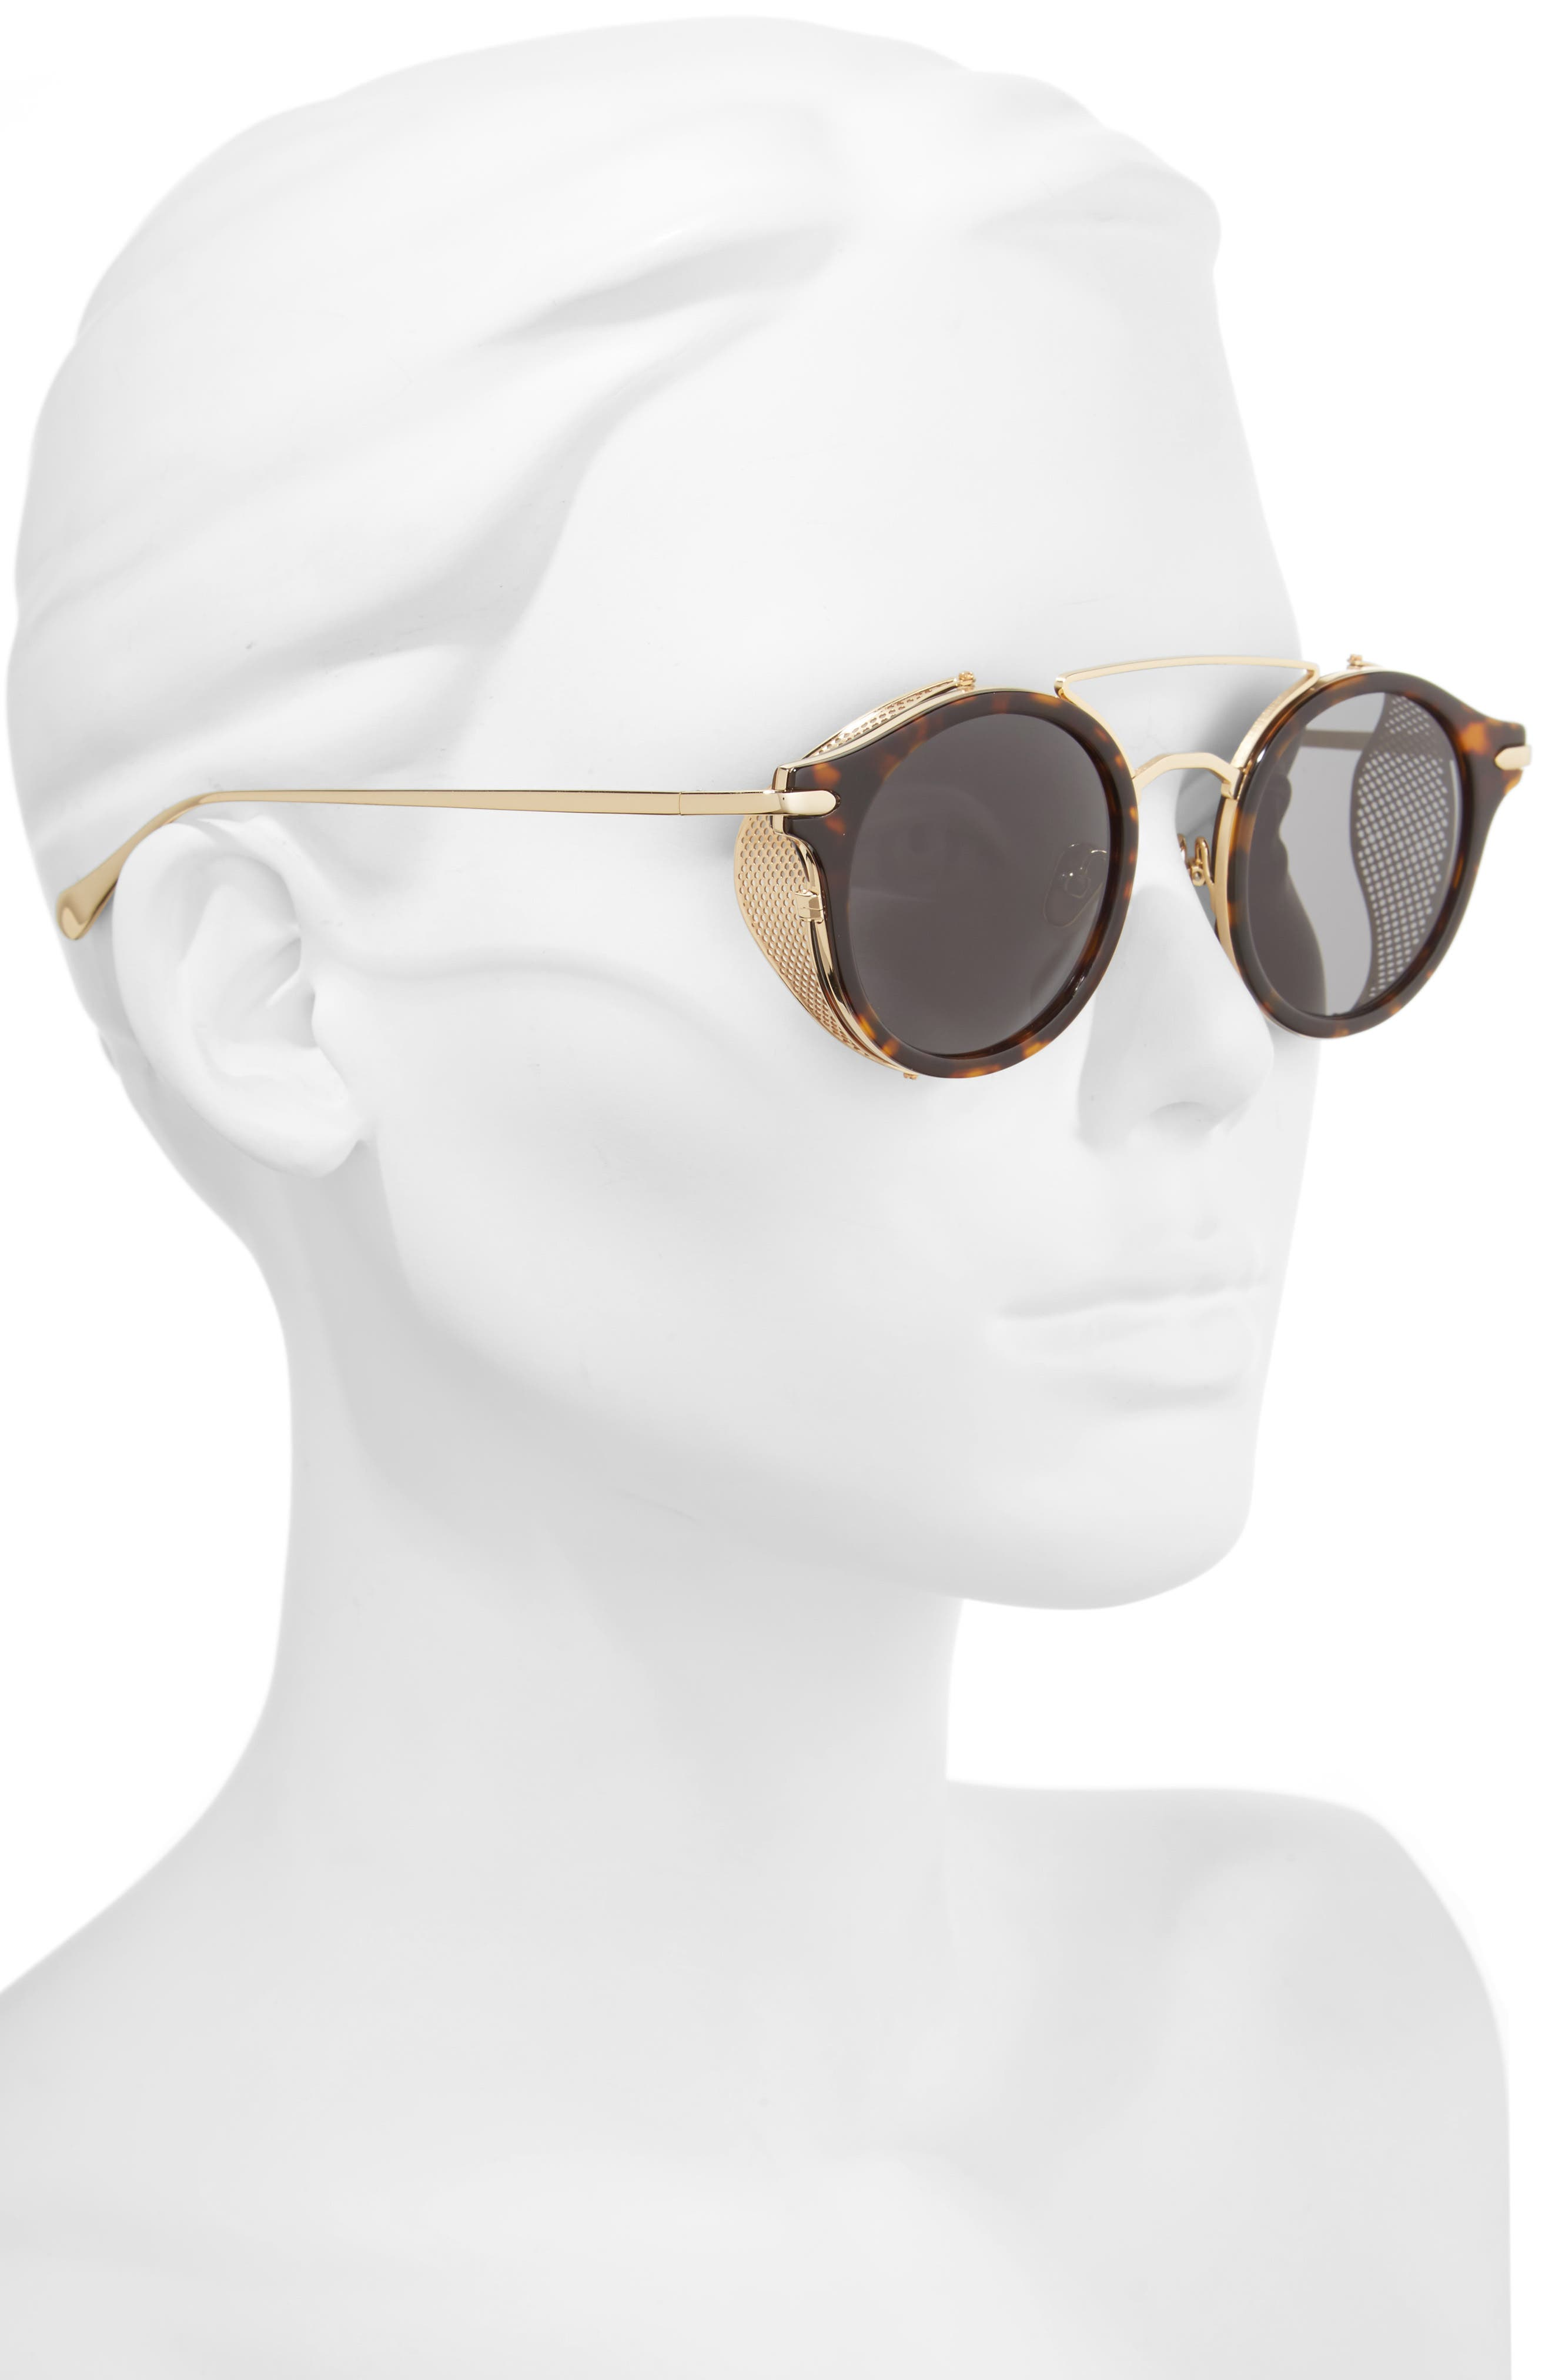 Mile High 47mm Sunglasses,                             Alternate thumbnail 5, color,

---

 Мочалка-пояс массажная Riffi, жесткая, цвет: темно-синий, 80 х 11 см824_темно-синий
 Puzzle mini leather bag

---

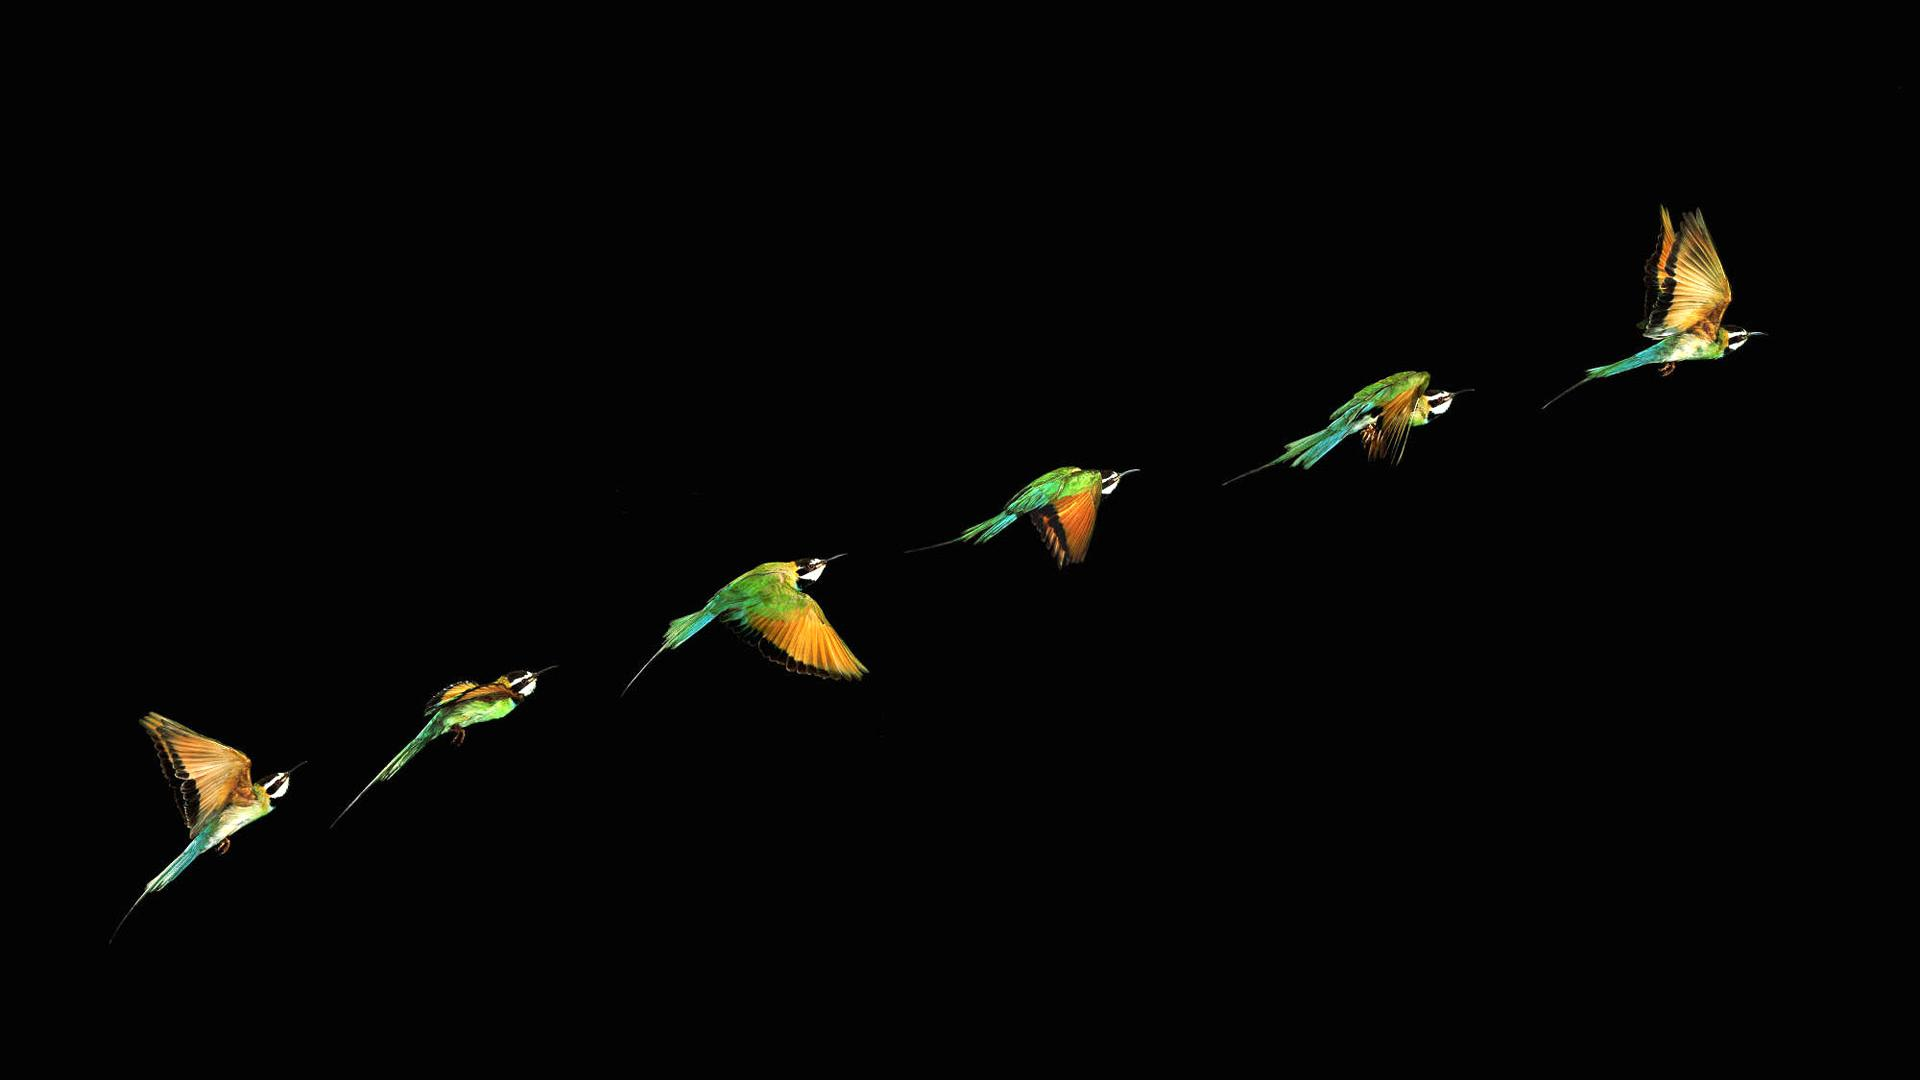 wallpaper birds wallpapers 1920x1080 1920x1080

Instructions for the task:
Look above for the line holding "Мочалка-пояс массажная Riffi, жесткая, цвет: темно-синий, 80" and the line holding "Puzzle mini leather bag". Retype both, and every line between them, word for word and nothing else.

Solution:
 Мочалка-пояс массажная Riffi, жесткая, цвет: темно-синий, 80 х 11 см824_темно-синий
 Puzzle mini leather bag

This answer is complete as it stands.